AVAILABLE DATA –
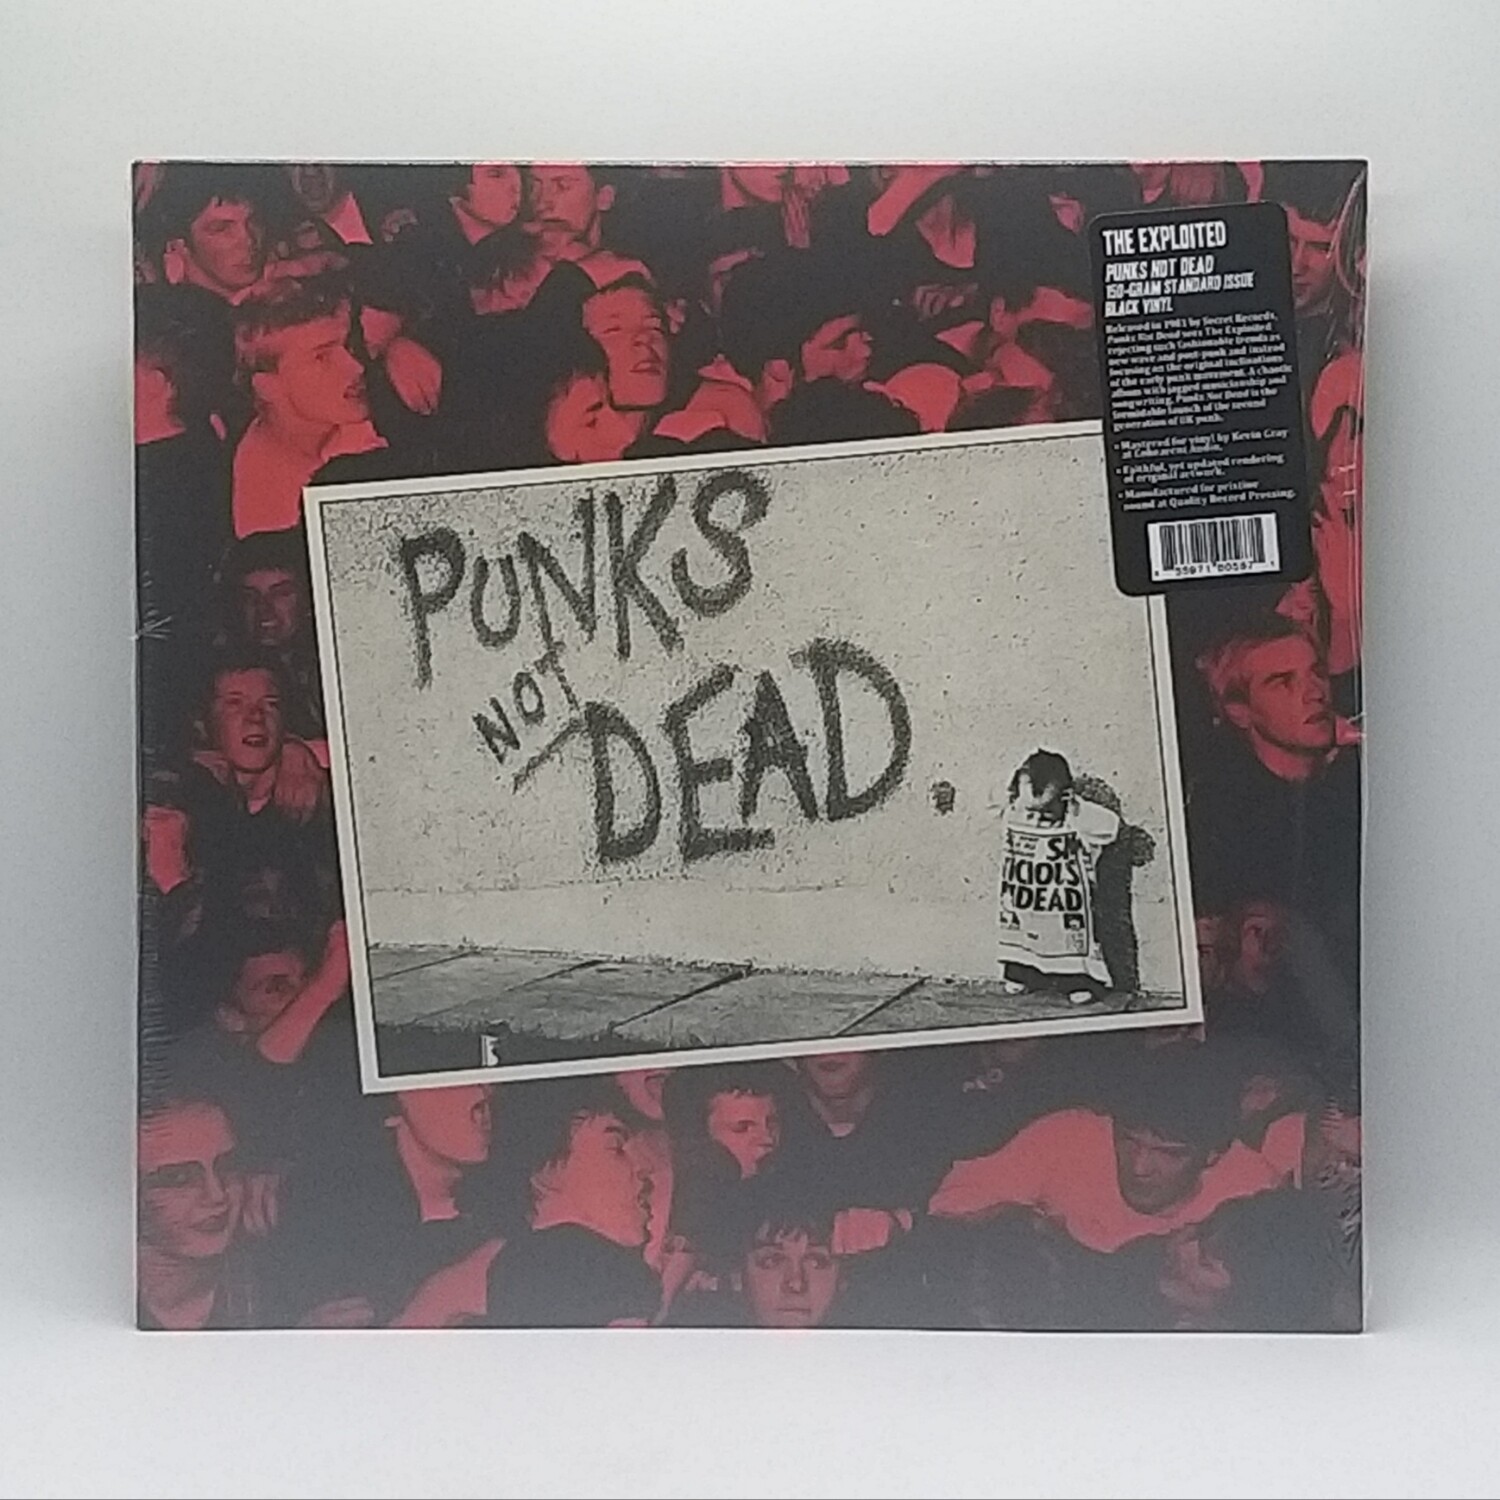 THE EXPLOITED -PUNKS NOT DEAD- LP
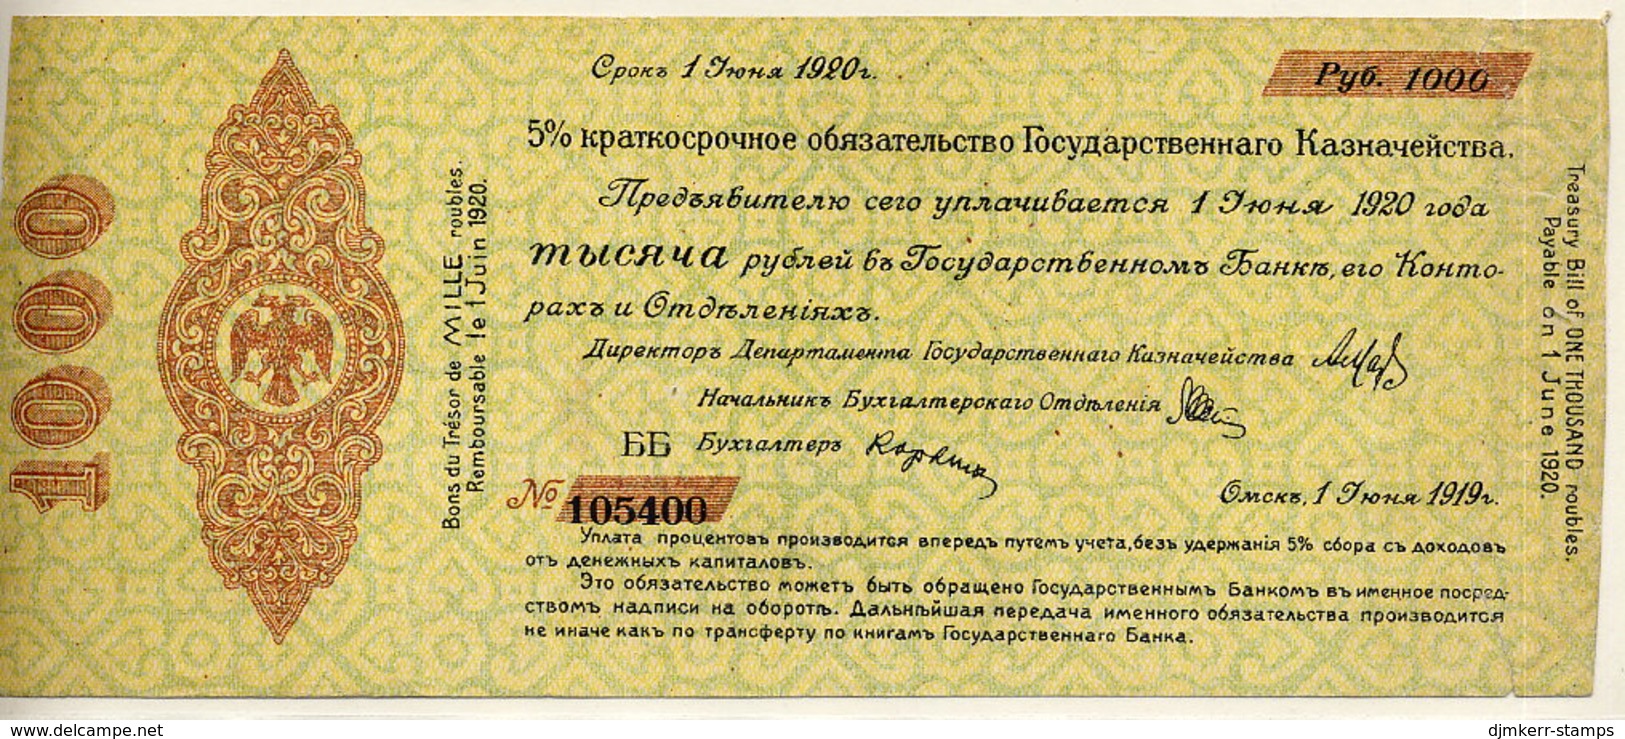 SIBERIA & URALS (Omsk) June 1919 1000 Rubles  F  S863 - Russia
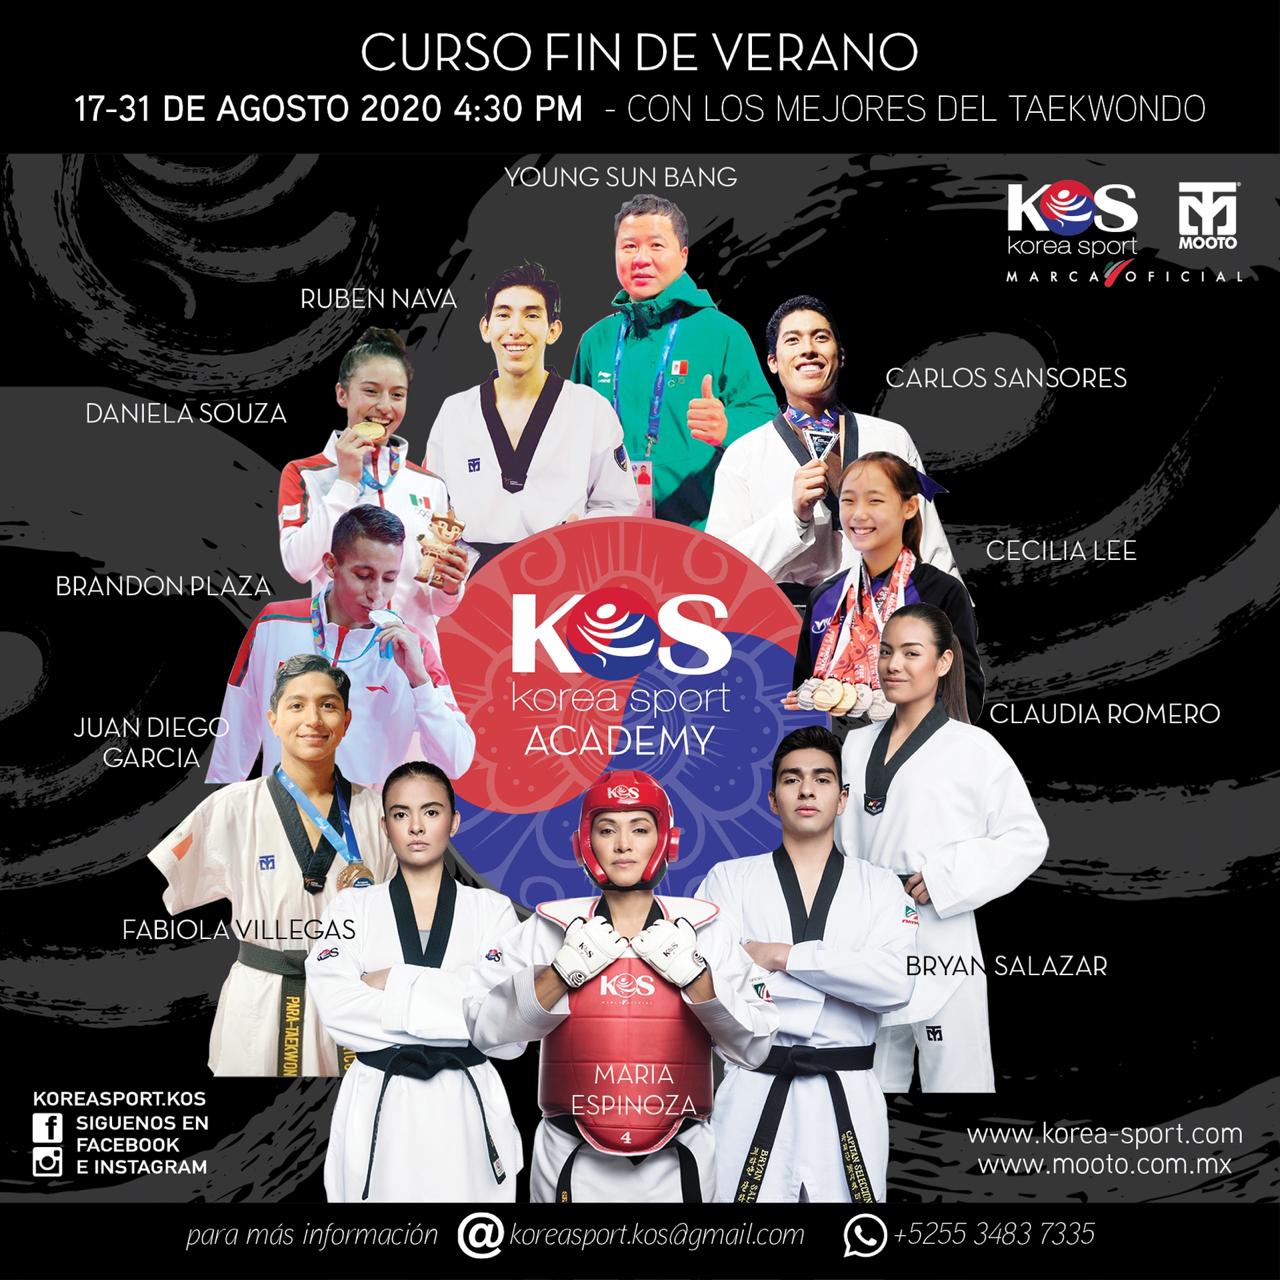 Curso Fin de Verano “Taekwondo KOS-MOOTO 2020”

EXERCISE PROMPT – Return the data exactly as it stands, minus the pictures.

WORKED SOLUTION –
 THE EXPLOITED -PUNKS NOT DEAD- LP
 SIBERIA & URALS (Omsk) June 1919 1000 Rubles  F  S863 - Russia
 Curso Fin de Verano “Taekwondo KOS-MOOTO 2020”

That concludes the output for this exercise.